Work instruction
Skip the pictures. Transcribe exactly the lines from the line containing "値ソース保証金3PCS上下歯" to the end of the listing.

Provided material
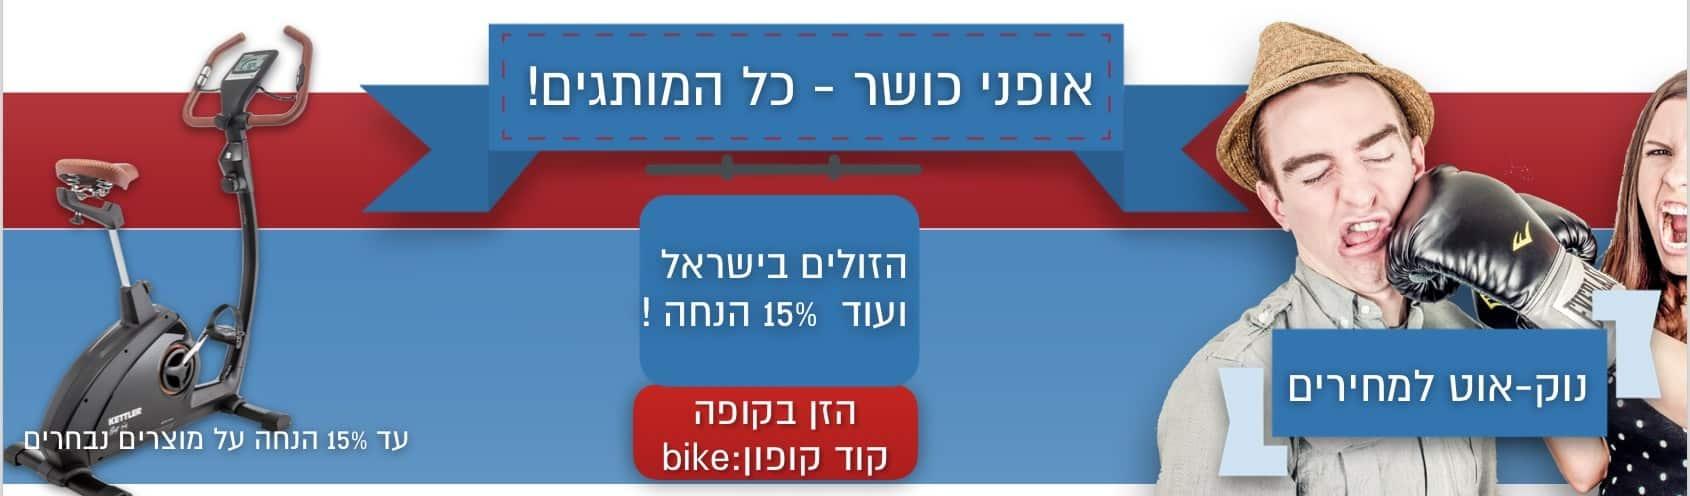 אופני כושר במבצע - בחנות יגל living Well!
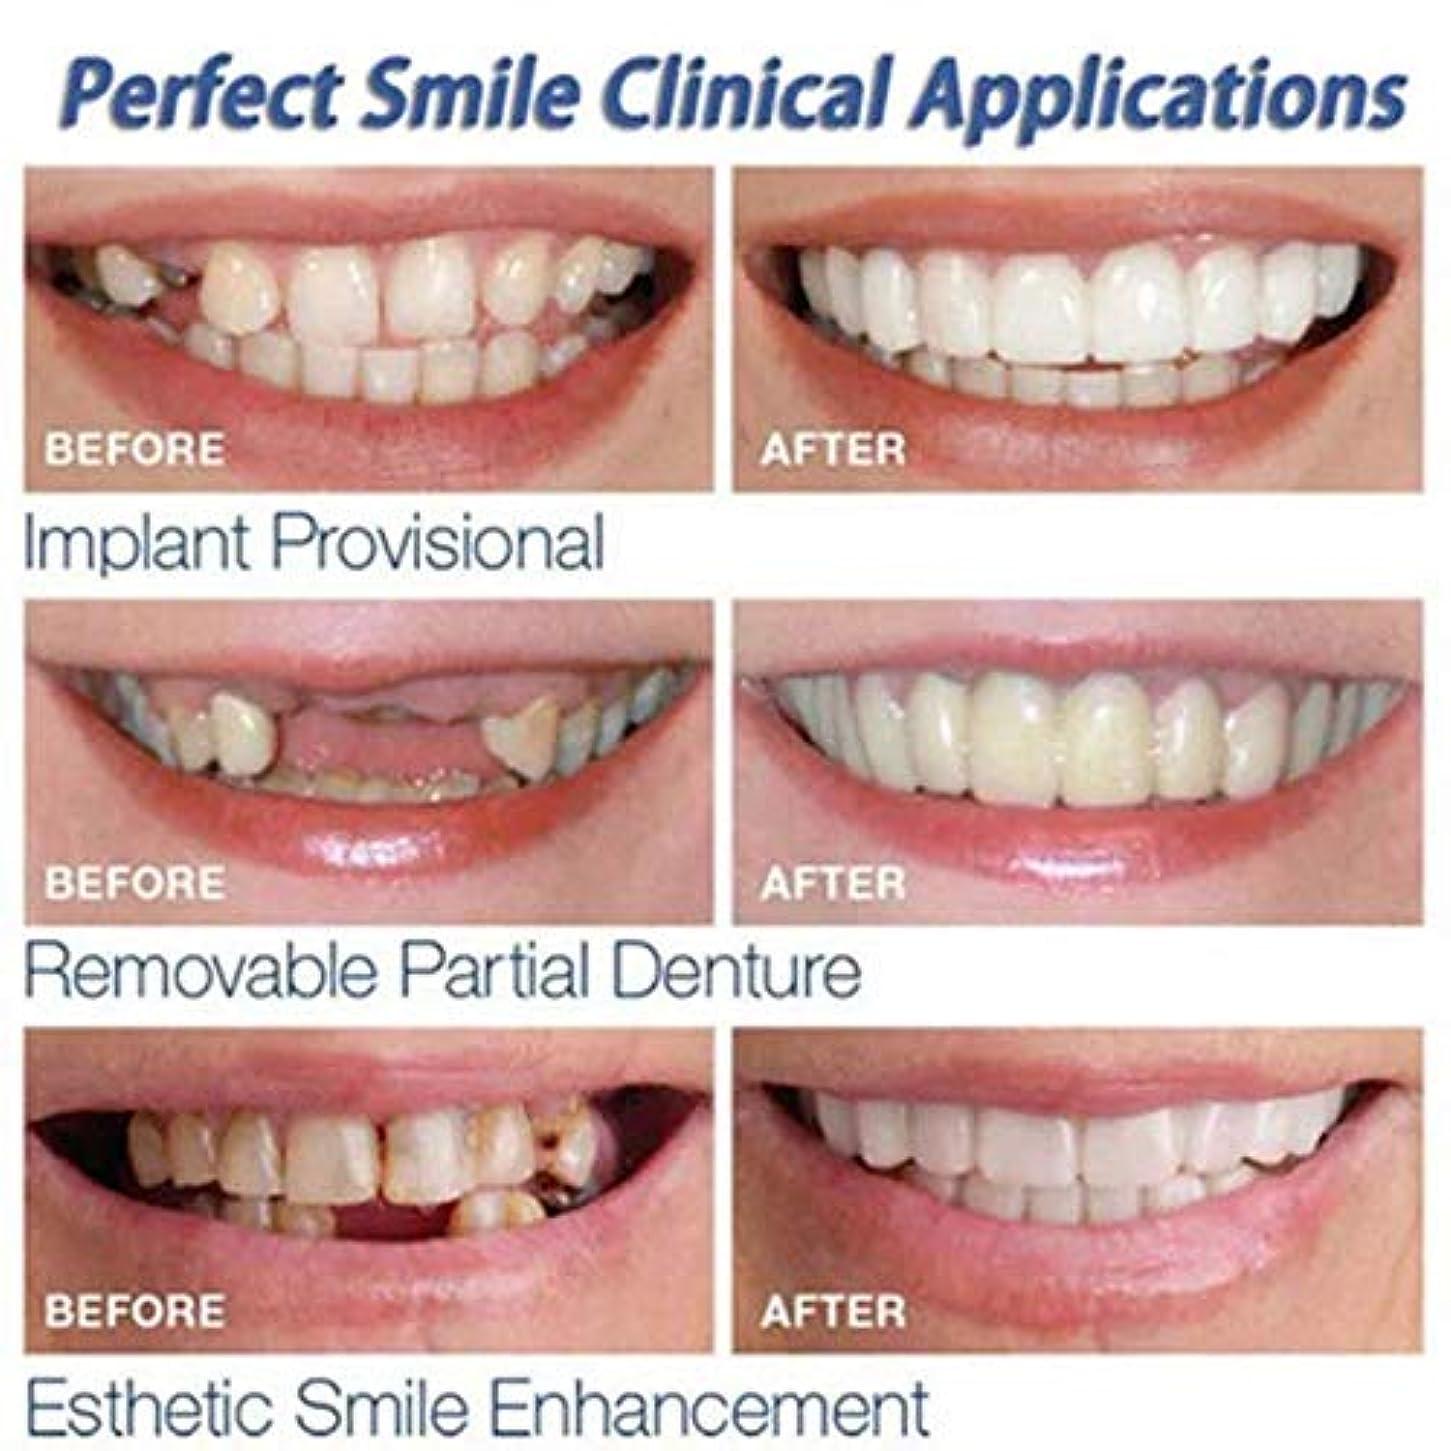 値ソース保証金3PCS上下歯シミュレーションブレース、第2世代シリコーン模擬歯、(プラスチックボックス、OPPバッグ付き),Opppackaging
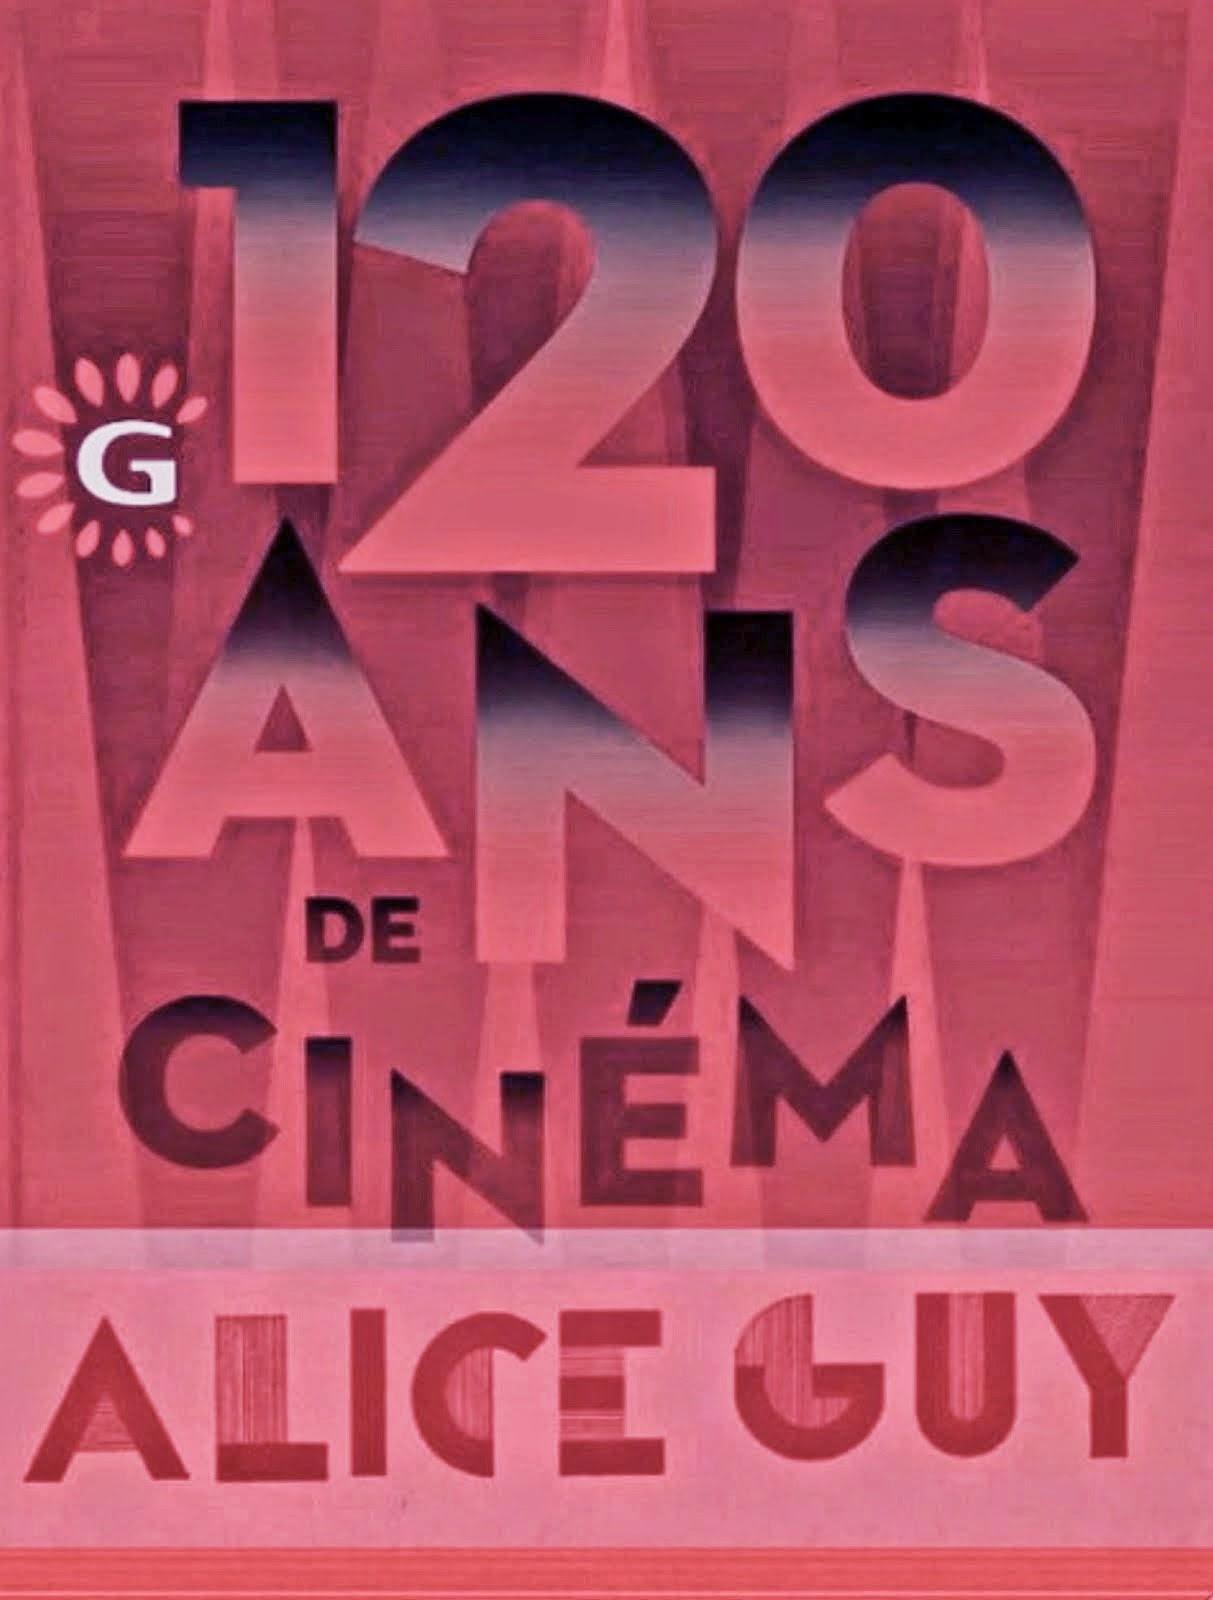 Gaumont 120 ans; Alice Guy depuis que le cinéma existe. Exposition Cent 4 Paris

Exercise response
 値ソース保証金3PCS上下歯シミュレーションブレース、第2世代シリコーン模擬歯、(プラスチックボックス、OPPバッグ付き),Opppackaging
 Gaumont 120 ans; Alice Guy depuis que le cinéma existe. Exposition Cent 4 Paris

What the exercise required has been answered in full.